Maybe some of them even know and rehearse the speeches of their prototype: Listen you fuckers, you screwheads, here is a man who would not take it anymore…
They wouldn’t live in the city; they certainly wouldn’t live poor there (I could never live like that!), nor allow themselves to get really close, in any sense except that of the firing range, to the people they hate before blowing them away. But they want that Travis Bickle payoff. And if they haven’t got the guts to do it themselves — and they don’t — they’re happy when someone else does it. So they cheer this murder, and add it to their spank bank of hatred, violence, and vengeance.
I take the T in Boston. One winter day on the way home from work, a man got on the train and immediately began a loud rant. He didn't appear to be homeless, he was clean and well groomed, but apparently had been drinking. He was raving about everything under the sun - this, that, the other thing, and his wife too. People backed away from him while he ranted on. Suddenly he announced "I'm drunk. Yes, I'm drunk. I'm drunk because my son just took his life." and got off at the next stop.
I think about that incident everytime I hear about someone having a breakdown in a public place. You don't know what brought that person to that state. You don't know your own breaking point, either, because you just haven't been there. Do you deserve to die because life has thrown too much at you?

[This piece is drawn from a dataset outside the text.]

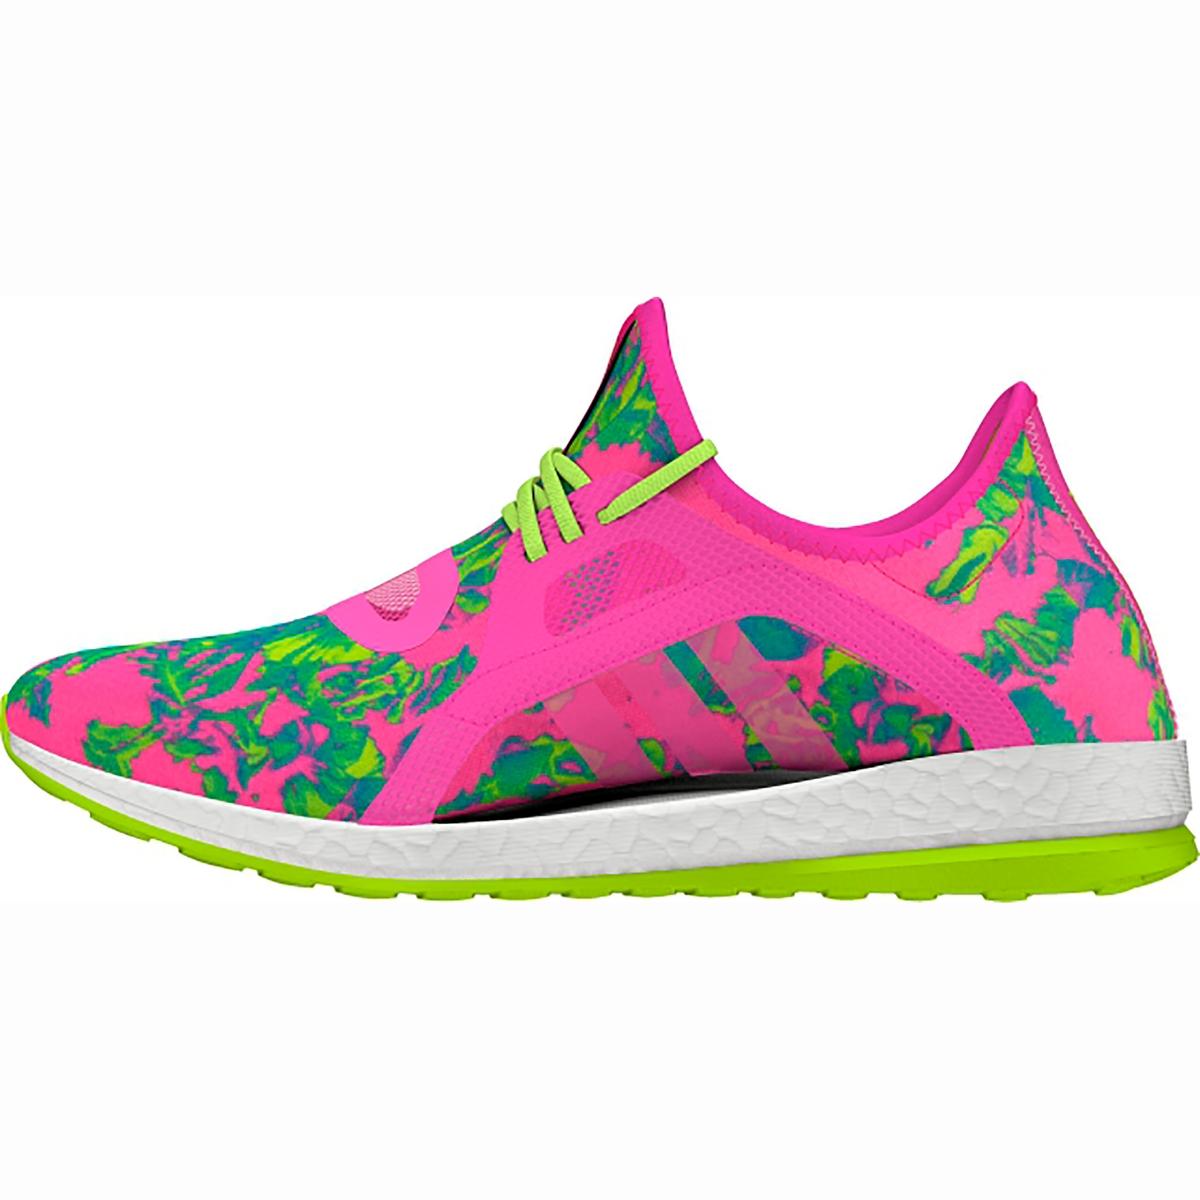 Adidas PUREBOOST X RUNNING

I split my time these days between suburban Philly and New York (thank you, remote work), so I spend maybe around 10 days a month back home in NYC. I’m more likely to take cabs and Ubers than the train these days, but I’ll still ride once or twice a month. Drawing from that experience, I can say that the behaviors of my youth when riding the subway are still in effect: when someone is being loud and obnoxious for whatever reason, mental health crisis or otherwise, New Yorkers observe the time-honored traditions of 1) ignoring it and not making eye contact, 2) switching cars, or 3) simply getting off the fucking train if the situation looks like it’s about to escalate.
Apparently the provocation was Neely yelling that he was hungry and throwing his jacket on the floor. Seriously? I’ve been on trains where guys were urinating or masturbating, where fights broke out, where a mugging happened in plain view. Nobody got killed. And I think we all know if Neely had been white and the marine who killed him was Black, the vigilante would have been charged, his name, photo, and any unsavory thing he’d ever done dating back to childhood would be on the front page of the NY Post, and he certainly wouldn’t have been released from custody.
So of course conservatives love the Neely killing. They live in a Death Wish 24/7 world, and they want revenge against people they never see but whose mere existence enrages them.